In general, node-local burst buffers are fast, intermediate storage systems that aim to reduce the PFS’ load and the applications’ I/O overhead [18]. They are typically collocated with nodes running a compute job, but they can also be dependent on the backend PFS [3] or in some cases even directly managed by it [24]. BurstFS [40], perhaps the most related work to ours, is a standalone burst buffer file system, but, unlike GekkoFS, is limited to write data locally. BeeOND [14] can create a job-temporal file system on a number of nodes similar to GekkoFS. However, in contrast to our file system, it is POSIX compliant and our measurements show a much higher metadata throughput than offered by BeeOND [36].

通常,本地节点缓冲区是旨在减轻PFS负载和应用程序I/O开销的快速中间存储系统[18]。它们通常与运行计算作业的节点放置在一起,但它们也可能依赖于后端PFS[3],甚至直接由其管理[24]。BurstFS[40]可能是与我们最相关的工作,它是一个独立的缓冲区文件系统,但与GekkoFS不同的是,它只能本地写入数据。BeeOND[14]可以在类似于GekkoFS的多个节点上创建临时文件系统。然而,与我们的文件系统不同的是,它符合POSIX,而我们的测量结果显示我们的文件系统比BeeOND提供的元数据吞吐量高得多[36]。

The management of inodes and related directory blocks are the main scalability limitations of file systems in a distributed environment. Typically, general-purpose PFSs distribute data across all available storage targets. As this technique works well for data, it does not achieve the same throughput when handling metadata [5], [28], although the file system community presented various techniques to tackle this challenge [3], [13], [25], [26], [41], [42]. The performance limitation can be attributed to the sequentialization enforced by underlying POSIX semantics which is particularly degrading throughput when a huge number of files is created in a single directory from multiple processes. This workload, common to HPC environments [3], [24], [25], [37], can become an even bigger challenge for upcoming data-science applications. GekkoFS is built on a new technique to handle directories and replaces directory entries by objects, stored within a strongly consistent key-value store which helps to achieve tens of millions of metadata operations for billions of files.

在分布式环境下,inode及相关目录块的管理是文件系统的主要可扩展性限制。通常,通用PFS将数据分布在所有可用存储目标上。

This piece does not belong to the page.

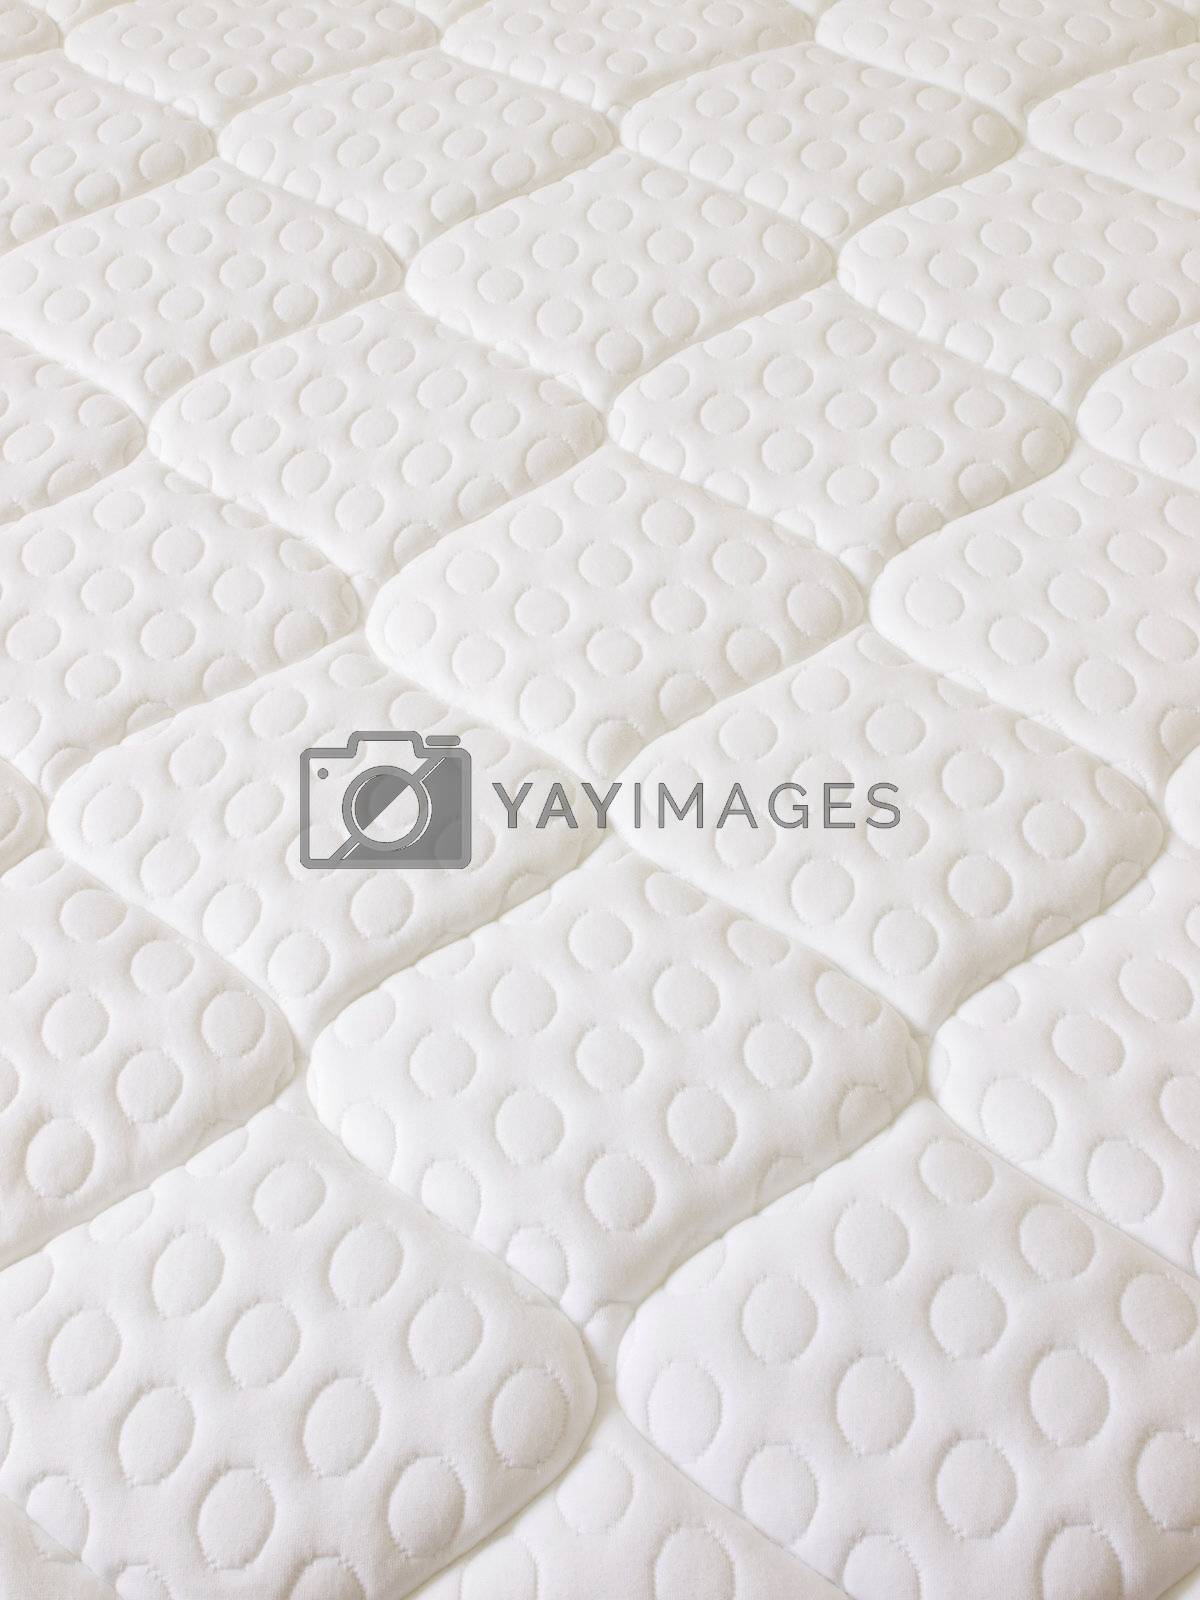 Royalty free image of mattress by zkruger

尽管这种技术在处理数据时效果良好,但在处理元数据时却无法实现相同的吞吐量[5],[28],虽然文件系统社区提出了各种技术来解决这个挑战[3],[13],[25],[26],[41],[42]。性能限制可以归因于基础POSIX语义所强制执行的顺序化,当从多个进程在单个目录中创建大量文件时,特别是在HPC环境[3],[24],[25],[37]中普遍存在的工作负载时,这会降低吞吐量,而对于即将到来的数据科学应用程序而言,这种工作负载可能会变得更加棘手。 GekkoFS基于一种处理目录的新技术,通过在强一致的键值存储中存储对象来替换目录条目,从而帮助实现每秒数千万的元数据操作,适用于数十亿个文件。

III. DESIGN AND IMPLEMENTATION

GekkoFS offers a user-space file system for the lifetime of a particular use case, e.g., within the context of an HPC job. The file system uses the available local storage of compute nodes to distribute data and metadata and combines their node-local storage into a single global namespace.

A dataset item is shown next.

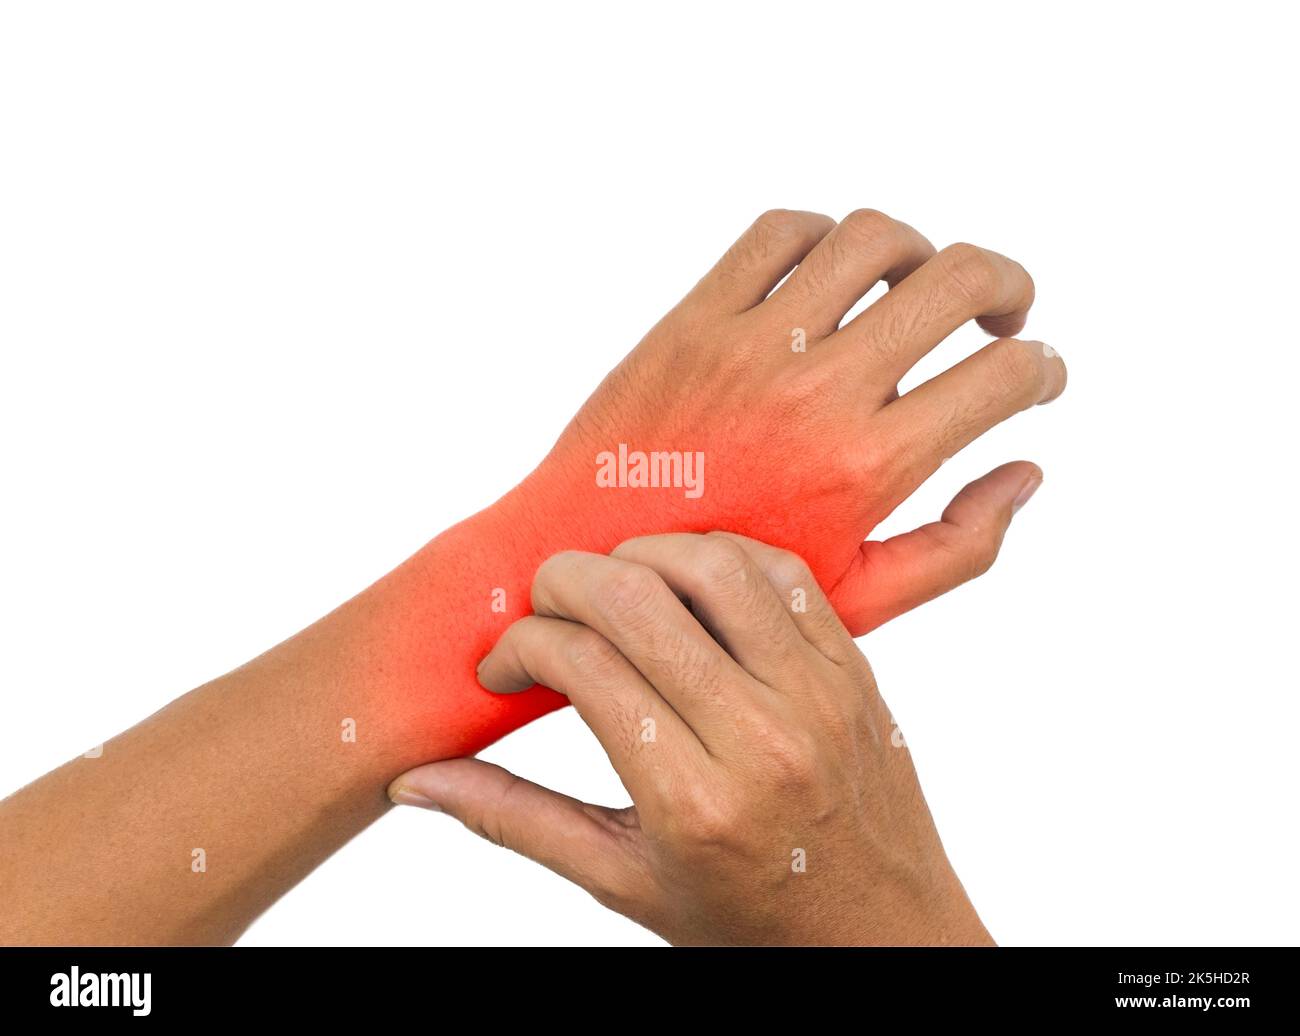 Asian young man scratching his hand. Concept of itchy skin diseases such as scabies, fungal infection, eczema, psoriasis, allergy, etc. Stock Photo

GekkoFS 提供了一个特定使用情况的用户空间文件系统,例如,在 HPC 作业的上下文中。该文件系统利用计算节点的本地存储来分发数据和元数据,并将它们的本地存储组合成单个全局命名空间。

The file system’s main goal focuses on scalability and consistency. It should therefore scale to an arbitrary number of nodes to benefit from current and future storage and network technologies. Further, GekkoFS should provide the same consistency as POSIX for file system operations that access a specific data file. However, consistency of directory operations, for instance, can be relaxed. Finally, GekkoFS should be hardware independent to efficiently use today’s network technologies as well as any modern and future storage hardware that is accessible by the user.

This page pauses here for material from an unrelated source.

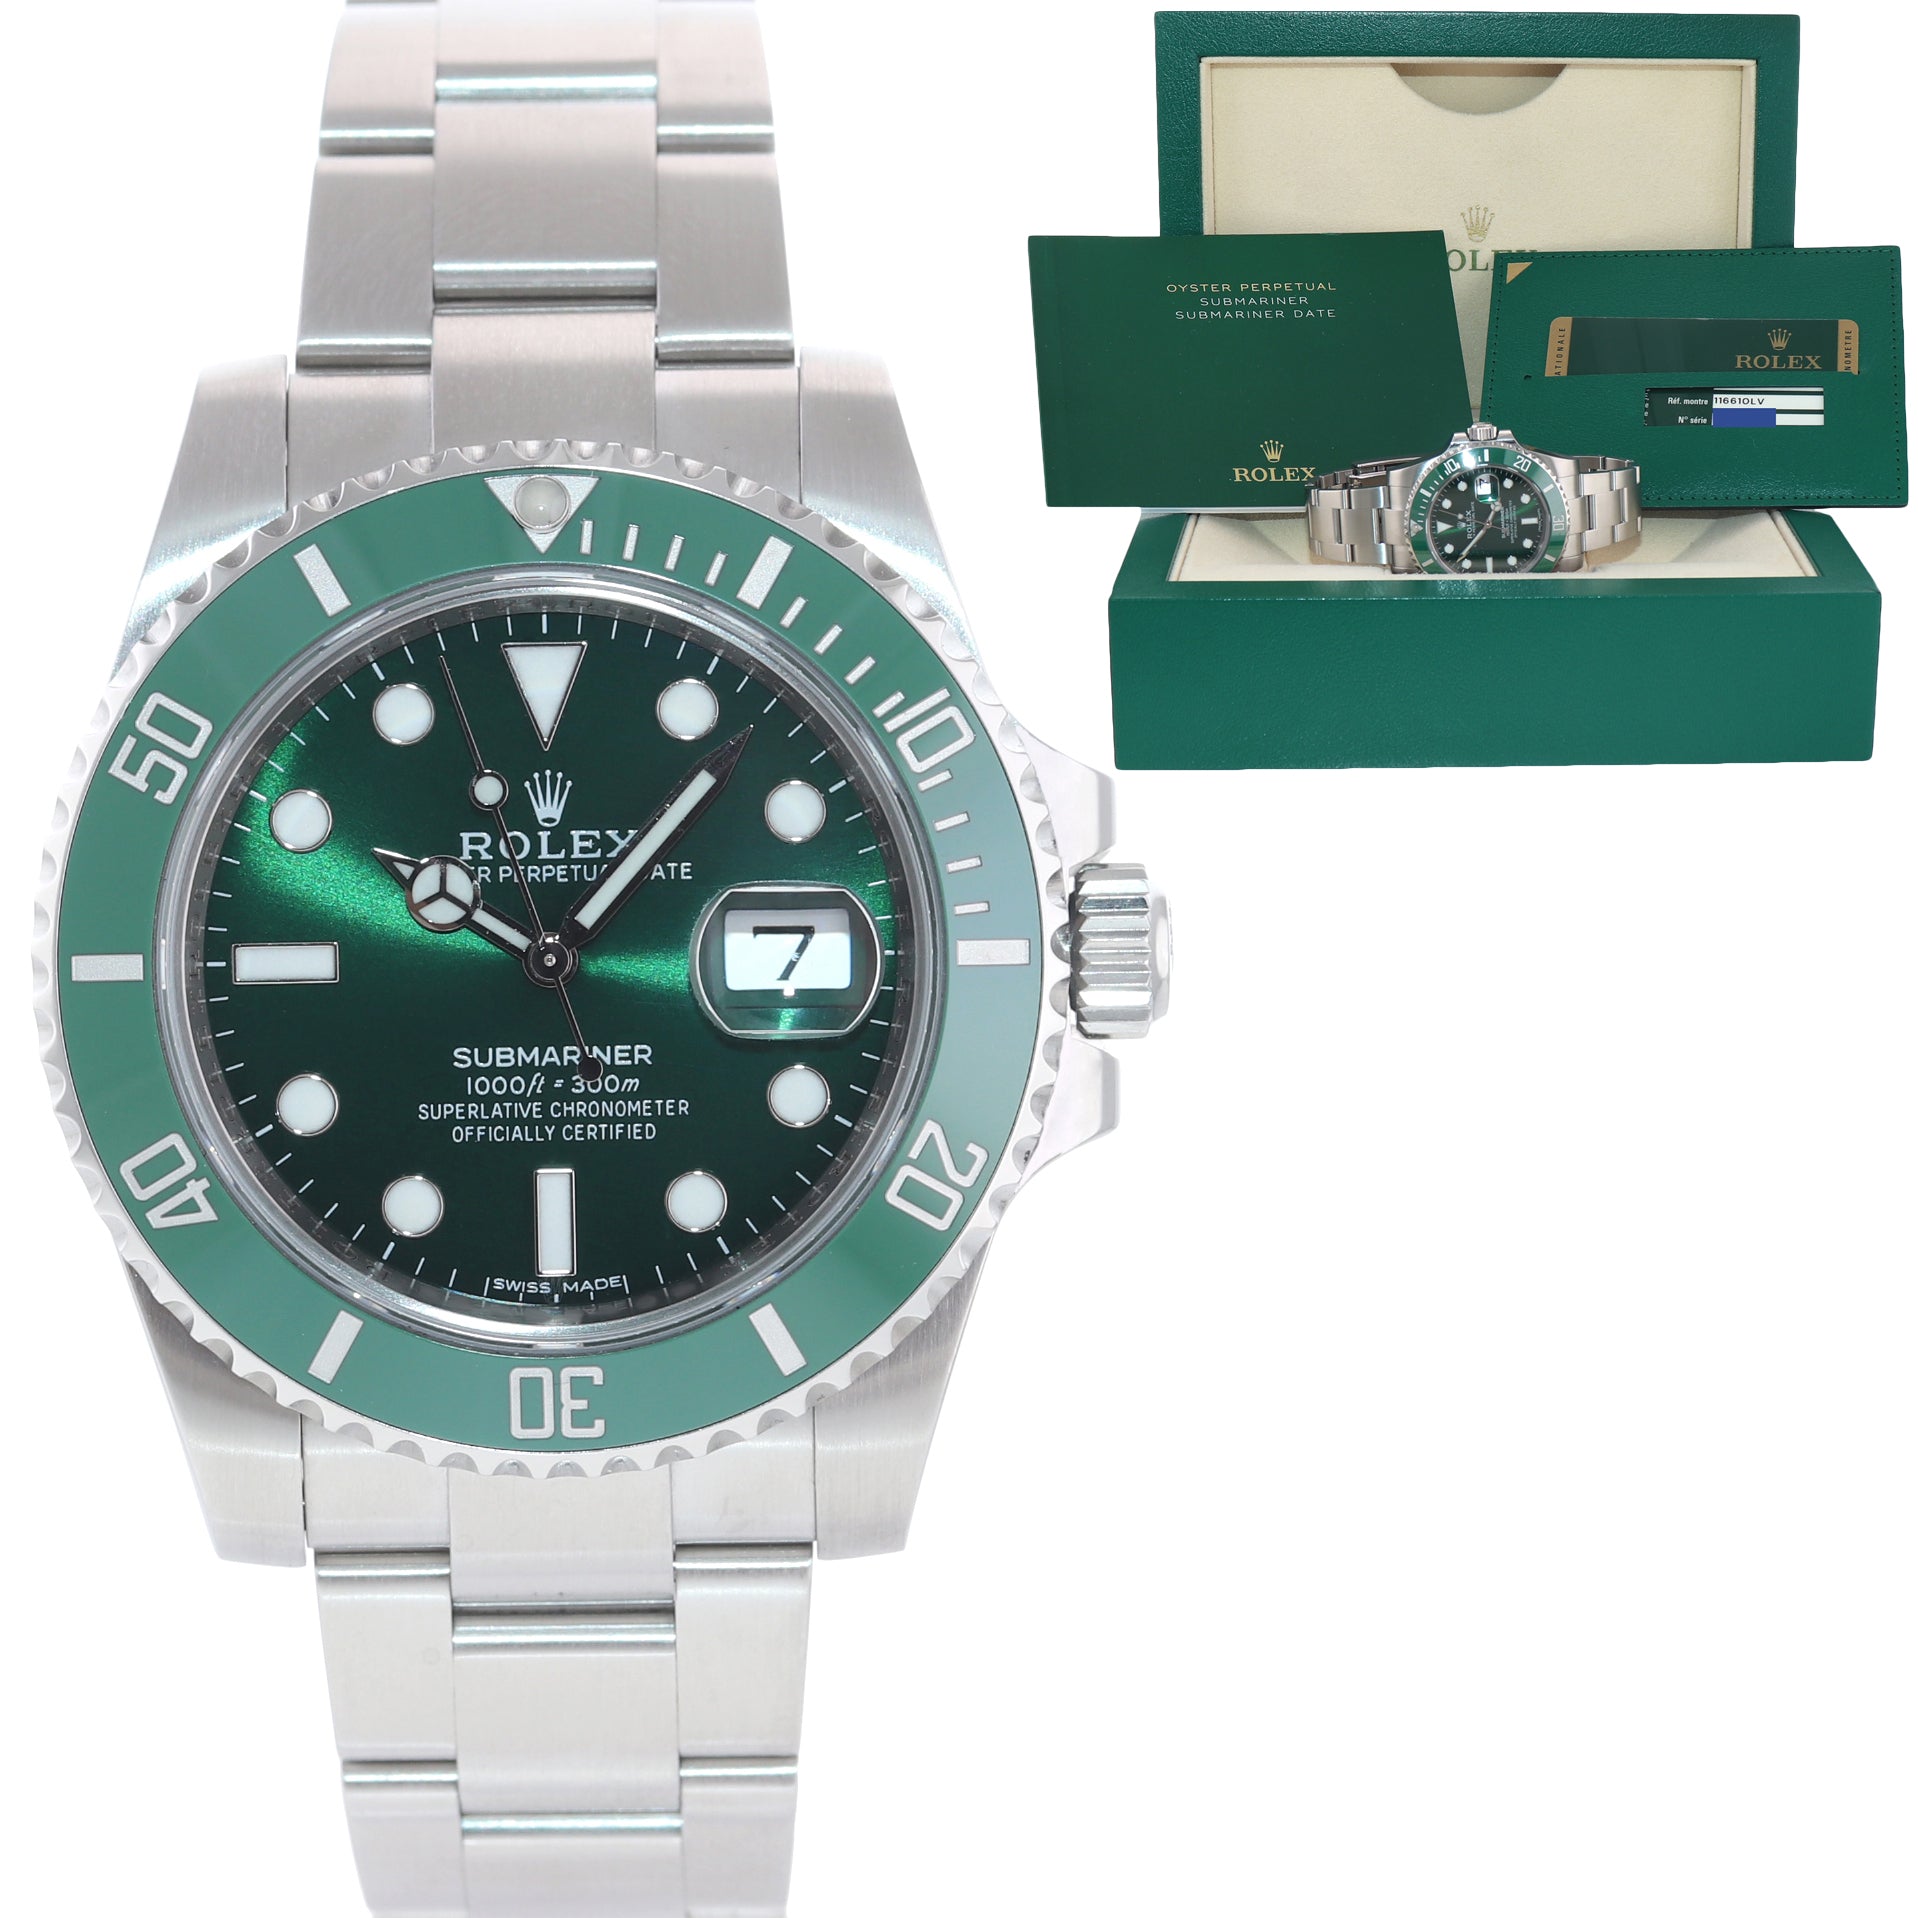 MINT 2014 PAPERS Rolex Submariner Hulk Green Dial Ceramic 116610LV Steel Watch

该文件系统的主要目标是可扩展性和一致性。因此,它应该能够扩展到任意数量的节点,以利用当前和未来的存储和网络技术。此外,GekkoFS 应该为访问特定数据文件的文件系统操作提供与 POSIX 相同的一致性。然而,例如目录操作的一致性可以放宽。最后,GekkoFS 应该是硬件无关的,以有效地使用今天的网络技术以及用户可以访问的任何现代和未来的存储硬件。

Similarly to PVFS [6] and OrangeFS [21], GekkoFS does not provide complex global locking mechanisms. In this sense, applications should be responsible to ensure that no conflicts occur, in particular, w.r.t. overlapping file regions. However, the lack of distributed locking has consequences for operations where the number of affected file system objects is unknown a priori, such as readdir() called by the ls -l command.In these indirect file system operations, GekkoFS does not guarantee to return the current state of the directory and follows the eventual-consistency model. Furthermore, each file system operation is synchronous without any form of caching to reduce file system complexity and to allow for an evaluation of its raw performance capabilities.

A. POSIX relaxation

与 PVFS [6] 和 OrangeFS [21] 类似,GekkoFS 不提供复杂的全局锁定机制。在这种意义上,应用程序应该负责确保没有冲突发生,特别是关于重叠的文件区域。然而,分布式锁定的缺乏对于受影响的文件系统对象数量未知的操作,如通过 ls -l 命令调用的 readdir() 操作,会产生后果。在这些间接文件系统操作中,GekkoFS 不能保证返回目录的当前状态,而是遵循最终一致性模型。此外,每个文件系统操作都是同步的,没有任何形式的缓存来减少文件系统的复杂性,并允许评估其原始性能能力。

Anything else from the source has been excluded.